What I am trying to say is that the only reason private debt was able to get so far out of hand is because of government meddling in the market. Credit that is unbacked by growth in real savings is then issued by the banks which gets funneled into the share market and housing speculation, two things that Keen so despises. It is when this credit expansion is reversed that we see a crisis, not when, as Keen puts it, "...both workers and capitalists suffer as bank income goes through the roof—leading to a Depression."

Rising bank income and falling worker income is merely a symptom not a cause of the crisis.

Keen finishes with:

"This is the real debt story of our economy right now. As the first chart above indicates, private debt is far higher than Government debt, even after the increase last year due to Rudd’s stimulus package. Government debt is currently 5.5% of GDP, whereas private debt—even though it has fallen slightly due to business deleveraging—is over 150% of GDP: 27 times the size of Government debt. The so-called debate that the major parties are having over the size of Government debt is an embarrassment."

This is where Keen's true colours show. By only seeing a symptom - the 'evil' bankers pushing credit - he misses the real culprit, the government who enabled this to happen in the first place and bails out the bankers. Ironically, this is the same entity that he forgives for having debt of their own and no doubt will call upon to fix the 'private debt crisis' through regulation, profit taxes, price controls and so on!
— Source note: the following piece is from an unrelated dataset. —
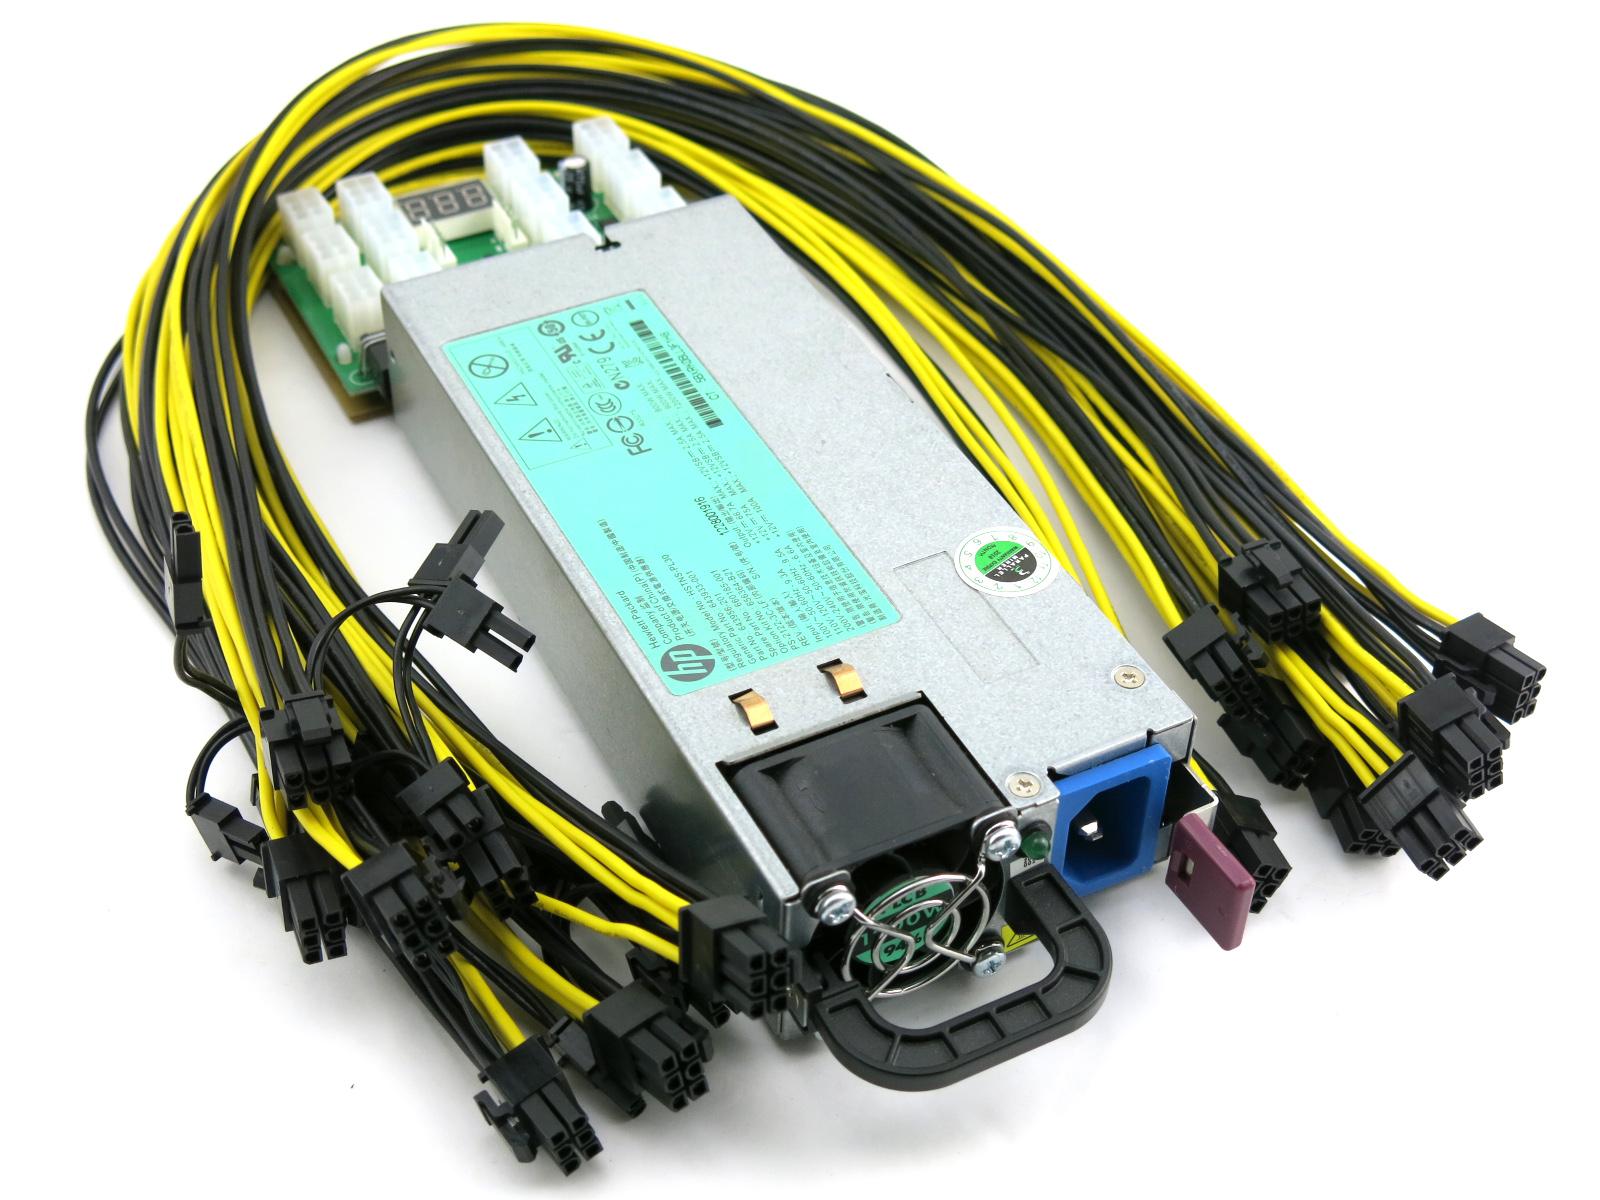 REV2 All 6pin+2 Cable - GPU Mining Power Supply Kit: HP 1200 watt Platinum  94% ETH,DASH,XMR,ZEC,GPU

Finally, just because private debt is "27 times the size of government debt," that does not mean people correctly questioning the size of the debt are an "embarrassment." On the contrary, public debt is very different from private debt. Instead of a normal free market transaction between a creditor with a low time preference exchanging money with a high time preference debtor, the government offers to pay back the creditor through the taxpayer via taxes or inflation. Public debt is dangerous no matter how much interest the government is paying on it or how large it is: all government spending diverts resources out of the private sector towards areas determined by bureaucrats. While private debt creates wealth (aside from when the government manipulates the interest rate and other factors and leads them to err, as we see with the housing bubble), public debt merely destroys it (and crowds out the private sector in the process).

It's not the debate on government debt but Keen's dismissal of the government's debt that's the embarrassment.